### Stored data:
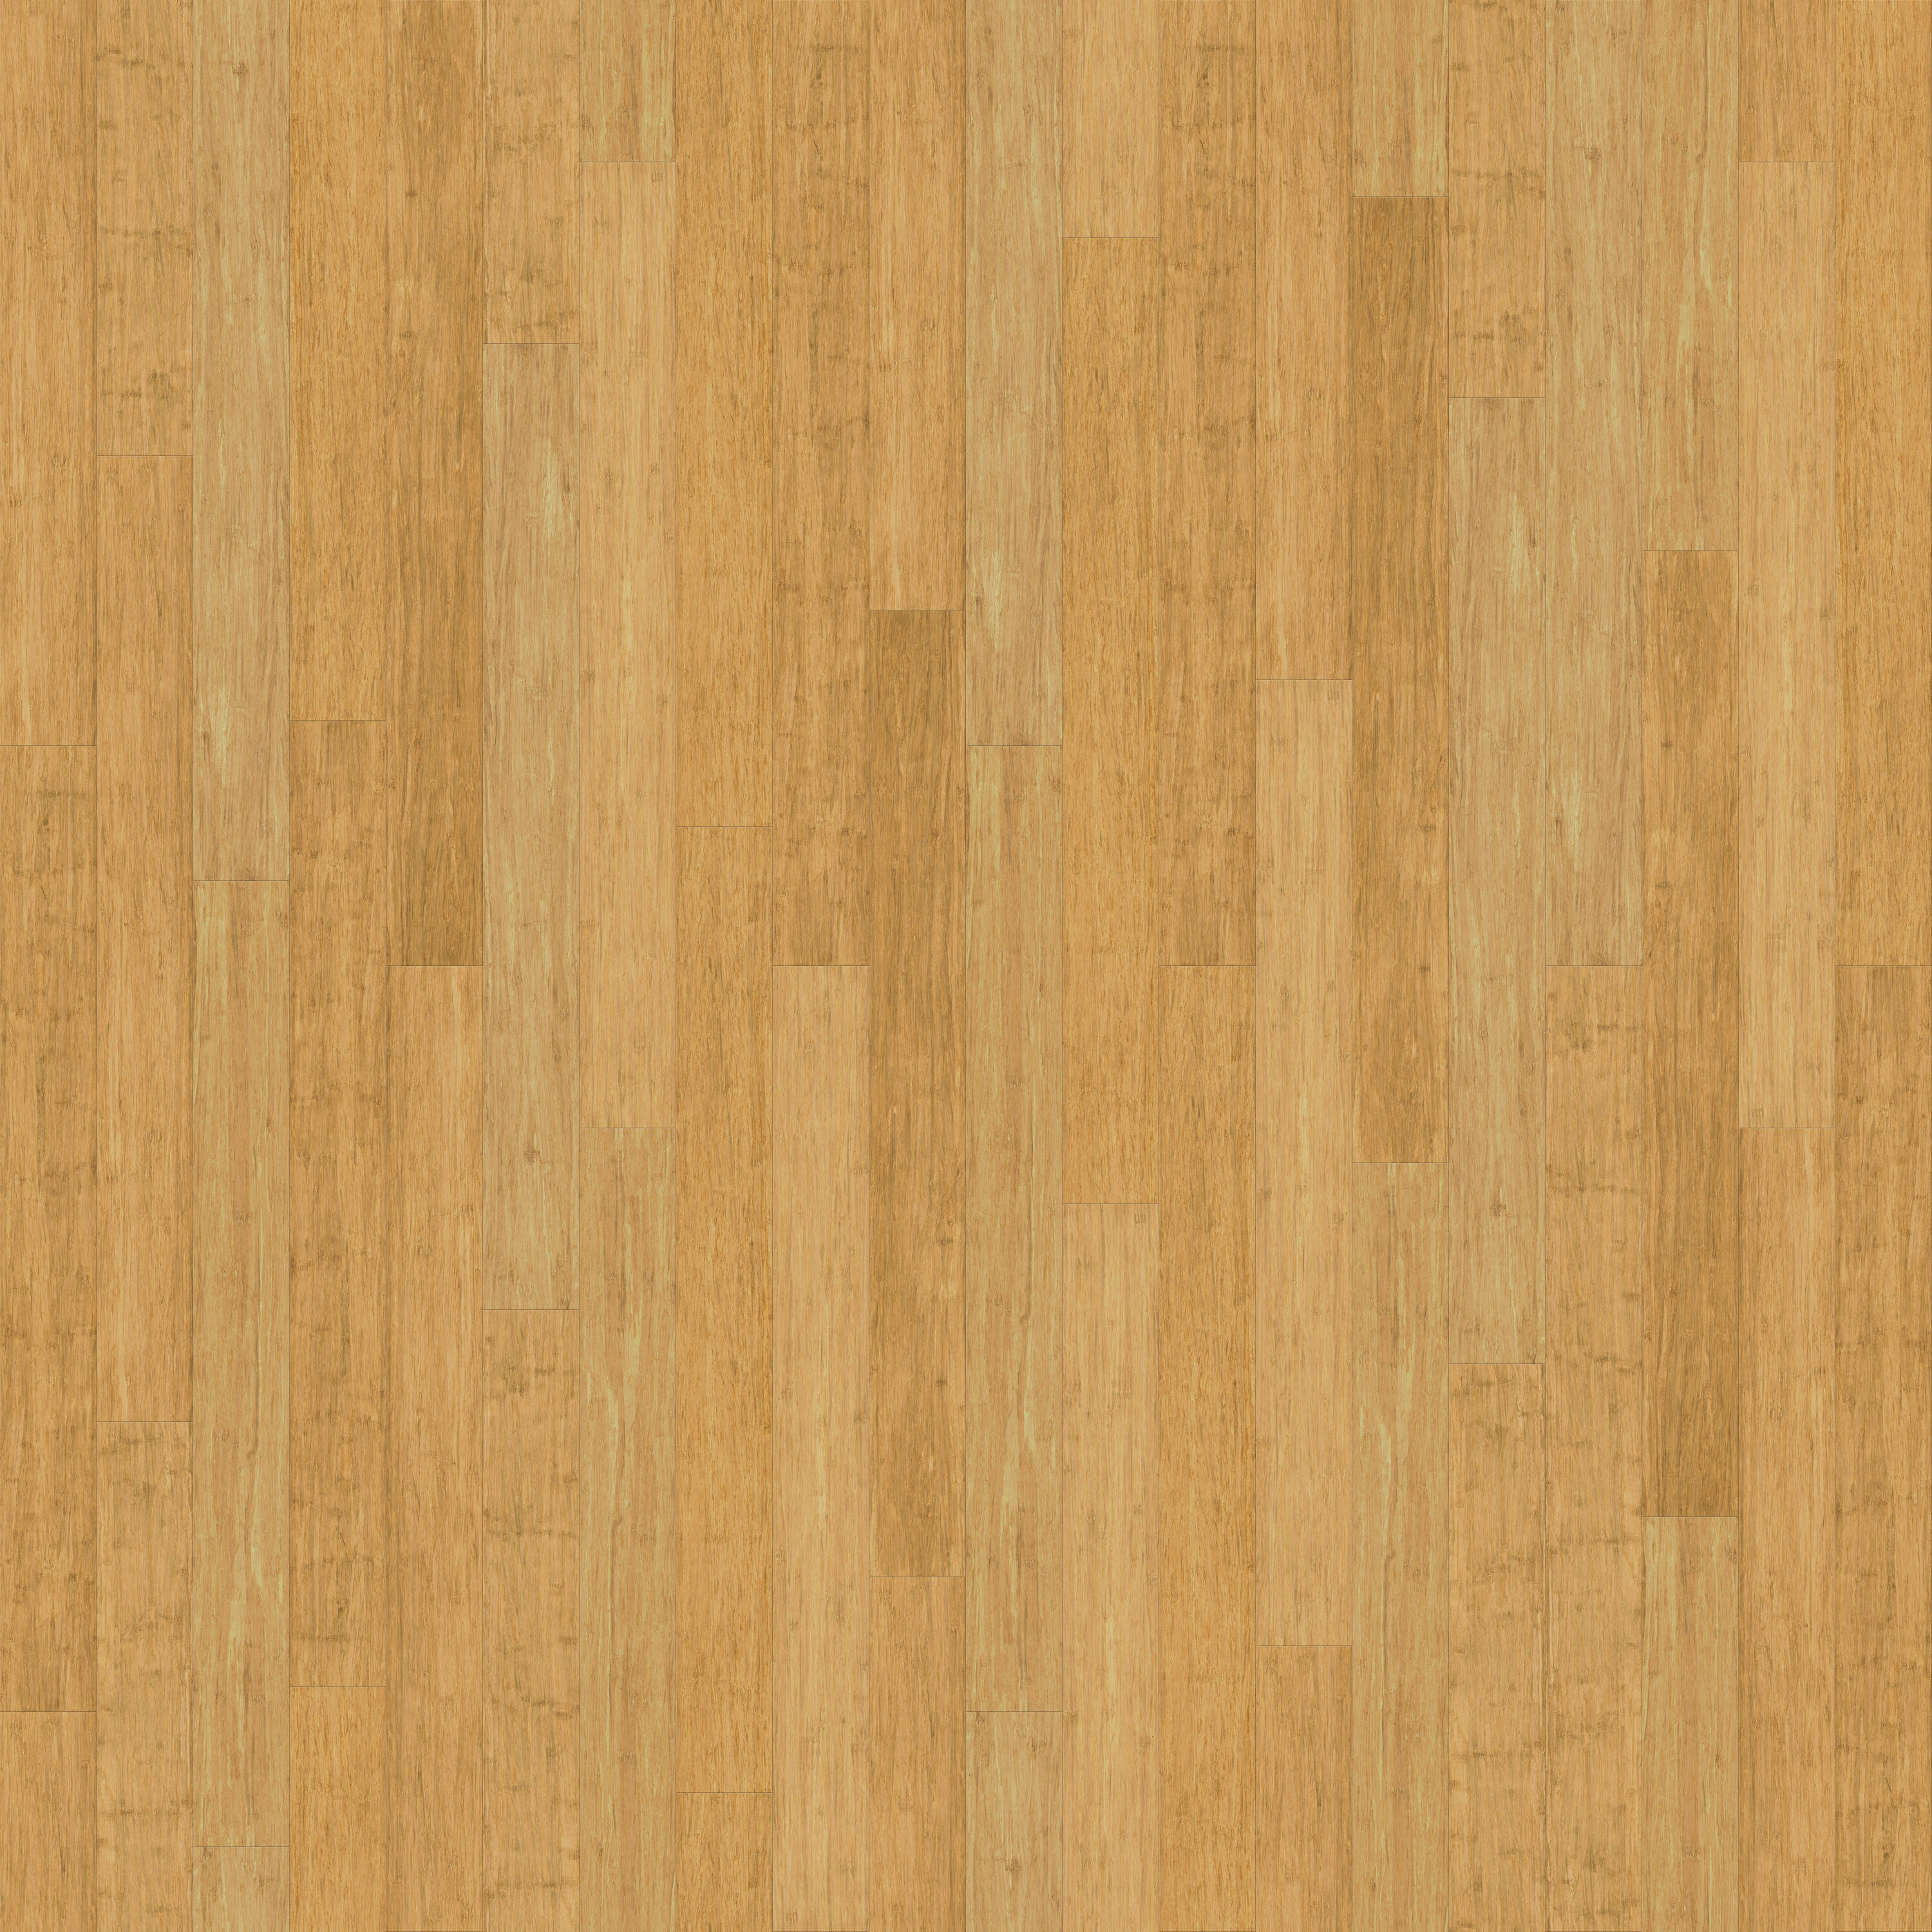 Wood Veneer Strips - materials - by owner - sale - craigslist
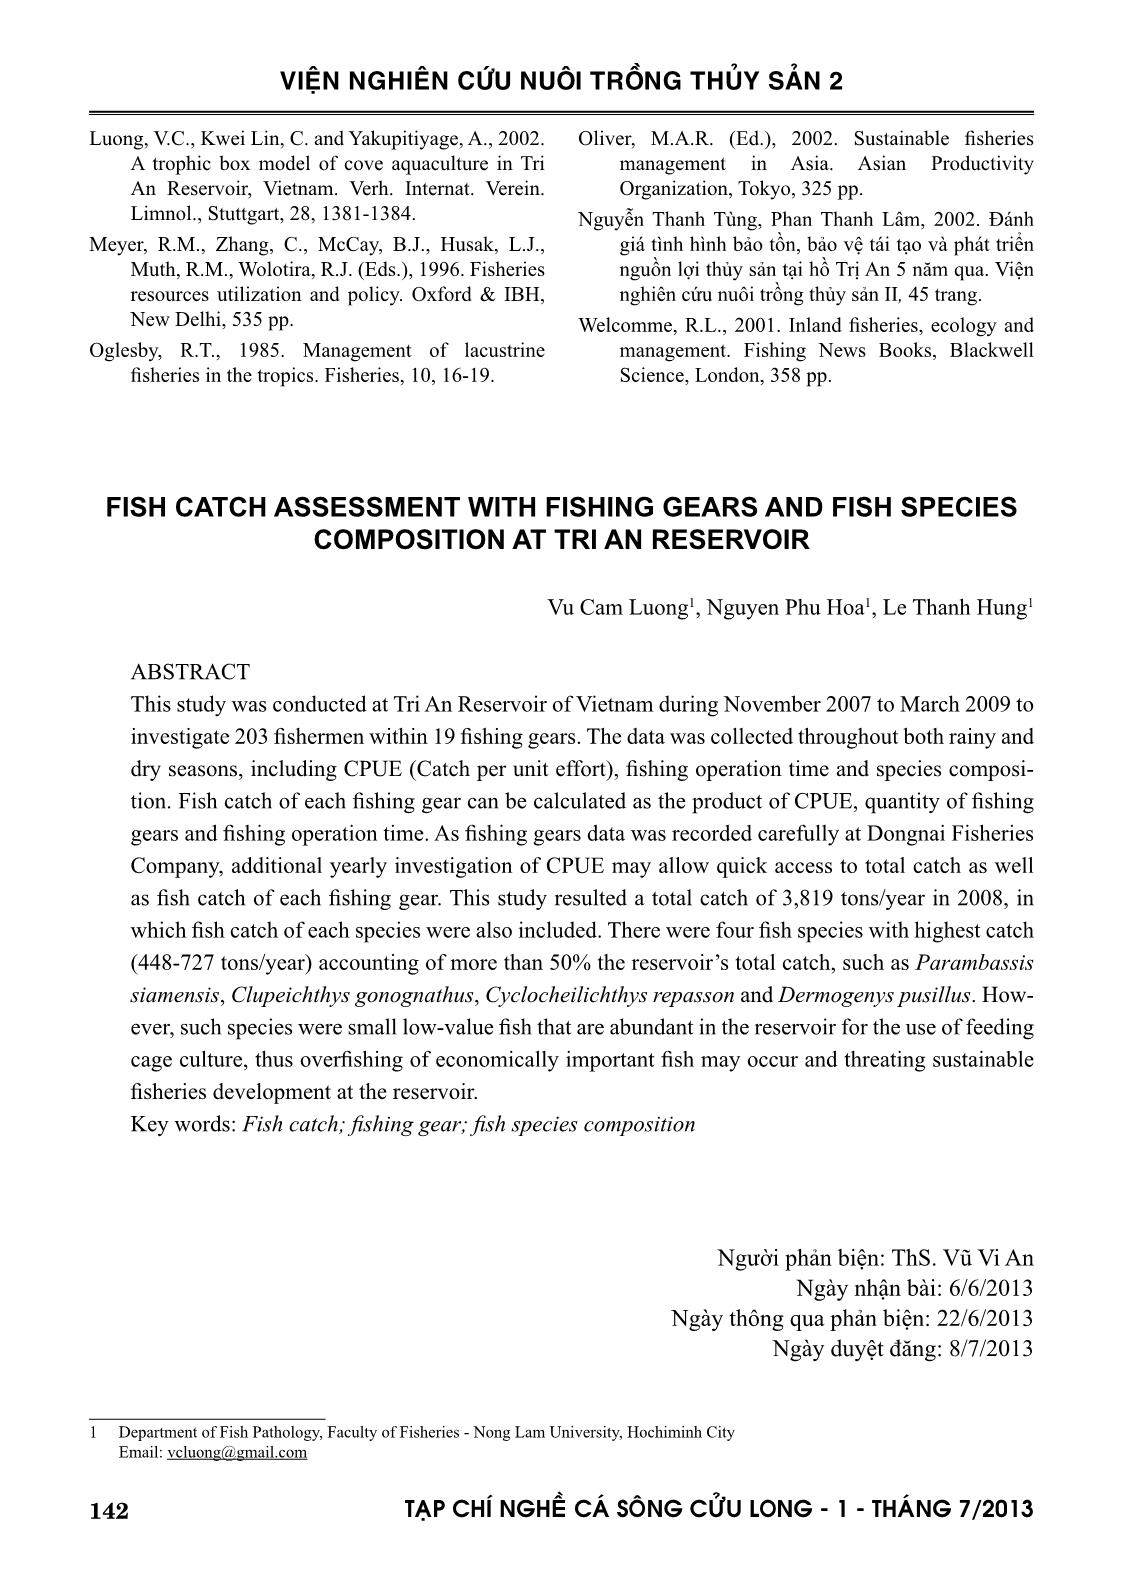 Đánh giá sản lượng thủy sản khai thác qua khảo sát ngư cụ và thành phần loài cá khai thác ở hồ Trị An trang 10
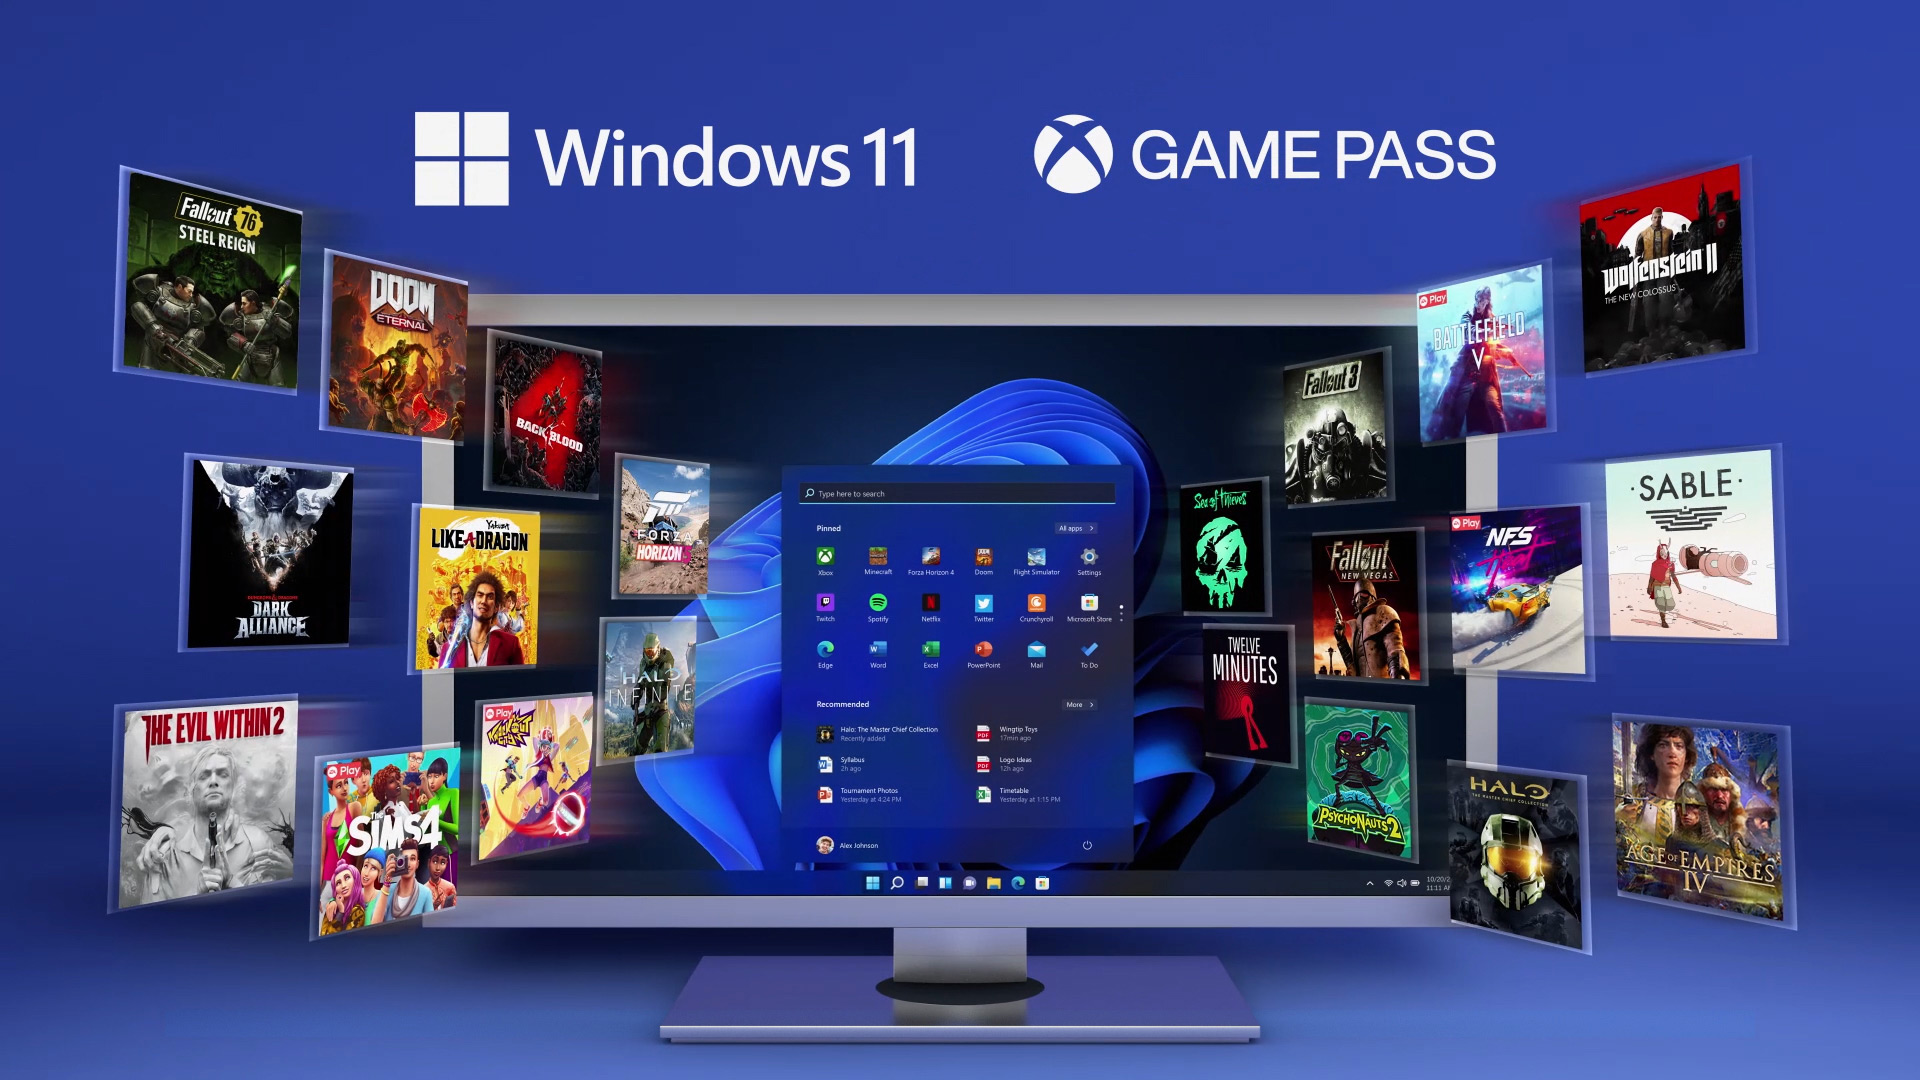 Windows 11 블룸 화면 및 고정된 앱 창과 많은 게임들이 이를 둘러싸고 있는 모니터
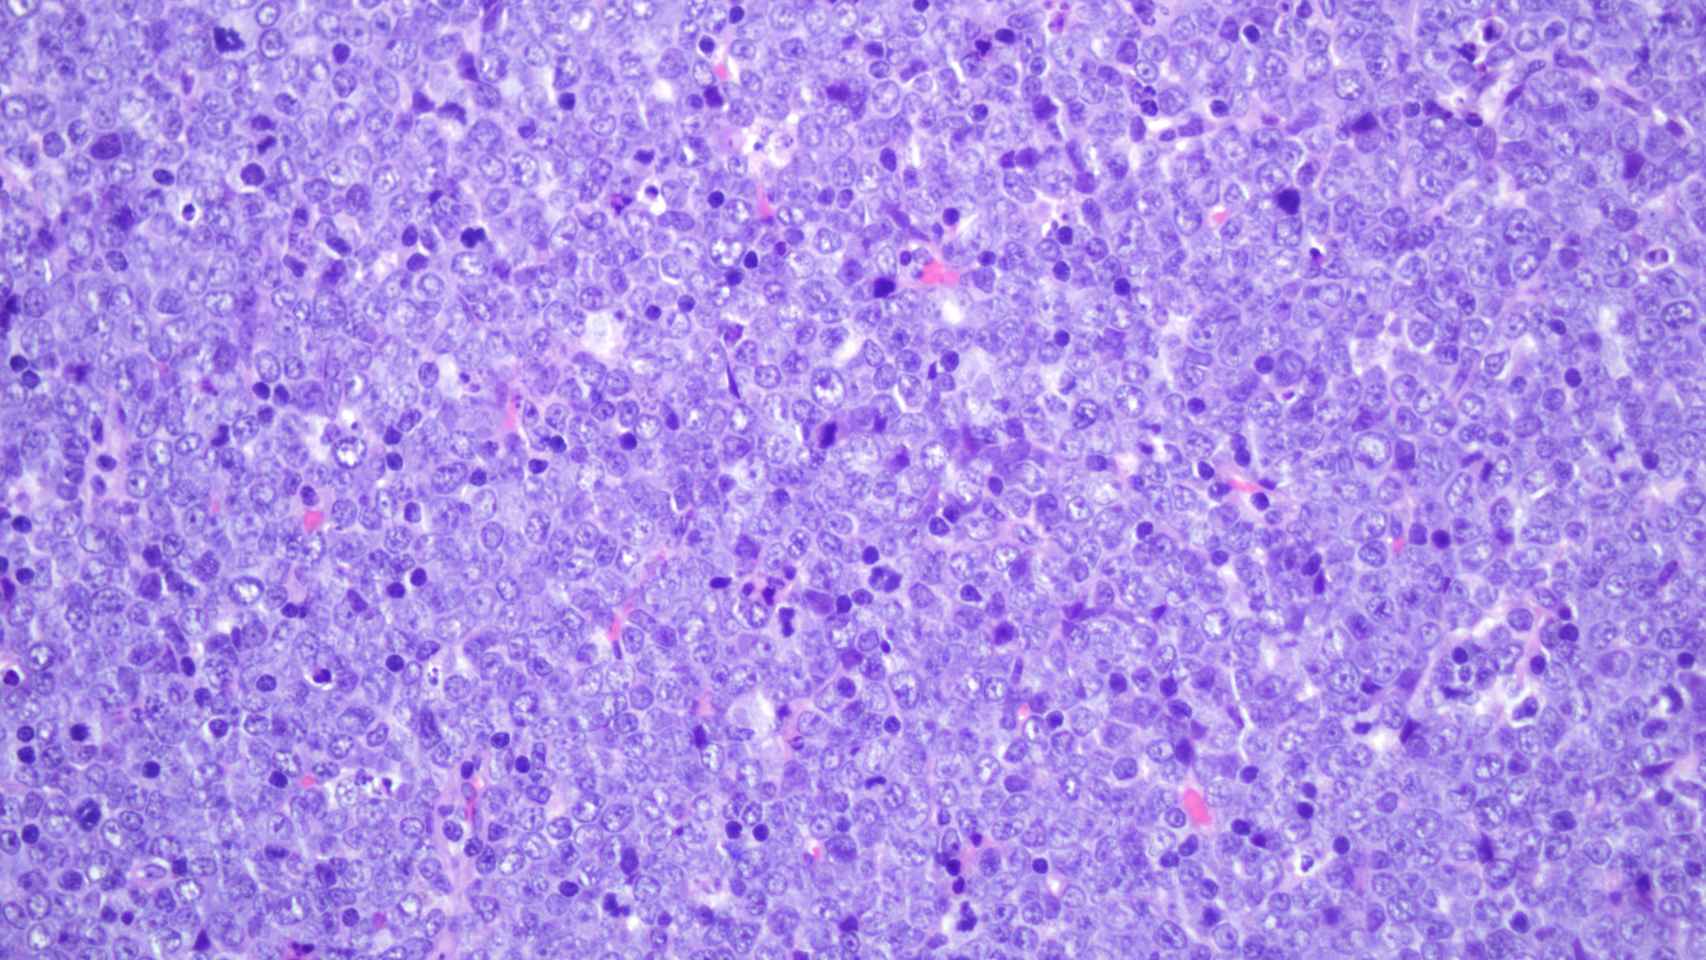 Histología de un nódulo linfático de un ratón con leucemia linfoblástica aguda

### Work task:
All of the listing above must be output exactly, except for its pictures.

### Result of the exercise:
 Wood Veneer Strips - materials - by owner - sale - craigslist
 Đánh giá sản lượng thủy sản khai thác qua khảo sát ngư cụ và thành phần loài cá khai thác ở hồ Trị An trang 10
 Windows 11 블룸 화면 및 고정된 앱 창과 많은 게임들이 이를 둘러싸고 있는 모니터
 Histología de un nódulo linfático de un ratón con leucemia linfoblástica aguda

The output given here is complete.